Corcoran is proud of the work she did as general manager at Ça Va to provide training for her employees and establish policies to protect not only her staff but her guests from predatory behavior. But she still thinks about what she would do differently if she ever started a new restaurant or bar. To start, she would…

  • "Eliminate tipping: I could never open a place that has the kind of wage disparity or fosters racism and sexism like tipping does. I would have a starting wage set at $15 an hour.
  • Fight for healthcare – and mental health care – for all: We need the federal government to step in and provide healthcare because small business owners can’t pay for it. I would also want to create a mental health credit that employees could use to take time off – maybe even provide money or a fund for a therapist when one was needed. We really need to define what work-life balance looks like in this industry. For me, it looks like eight glasses of water, three meals and eight hours of sleep a day.
  • Be transparent with food prices: People have to realize that ethical food costs more. The small local farmers that I used at Ça Va don’t get the same kind of government subsides as large commodity farmers. Food is political, and we have to fight for what we think is right.
  • End the epidemic of sexual harassment and assault: Having access to HR help is something that needs to happen, and who that HR firm works for has to be a conversation – some are there to protect the bad actors instead of the accusers.
  • Compile an open-source restaurant handbook: We need to create and share job descriptions, employee handbooks and welcome packets that are available to any restaurant to download. We could put them on Google Drive, but the laws are different in each state. These are basic things that most companies have, but the restaurant industry doesn’t.
  • Create a union for service workers: Ideally, this would help protect people who work in this industry from predatory employers."

Wagner also thinks the industry should consider developing a guide to help people support food and drink establishments that meet specific criteria for promoting healthy working environments.

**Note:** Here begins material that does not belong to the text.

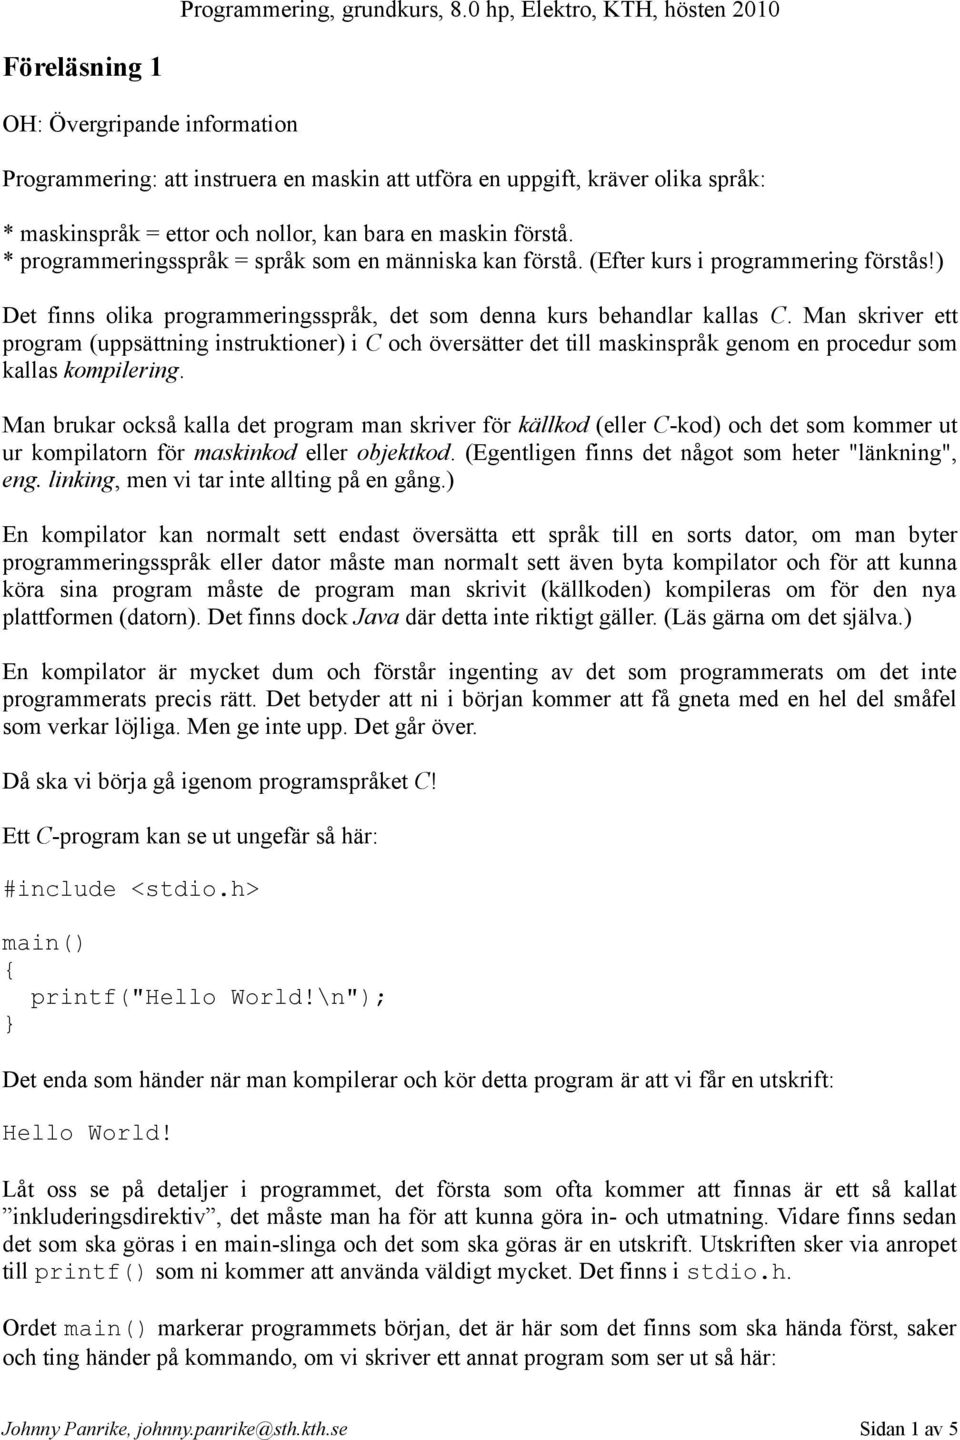 Man skriver ett program (uppsättning instruktioner) i C och översätter det till maskinspråk genom en procedur som kallas kompilering.

“I would also like to see us develop a system where we could help people vote with their dollars by allowing people to knowingly support, and even invest in, ethical restaurants,” she says. “It could be a certification process that would measure healthy business practices, including both the health of the culture as well as their business practices. Each bar and restaurant would have to meet a certain set of criteria in order to qualify for this program. It could also be something that food press, magazines and even [the] James Beard [Foundation] could look at before they hand someone problematic, like David Chang, another award.”

Although the industry is facing a major moment of reckoning, both locally and nationally, restaurants – and the people who work in them – are worth saving. The conversation about how to do so must start now.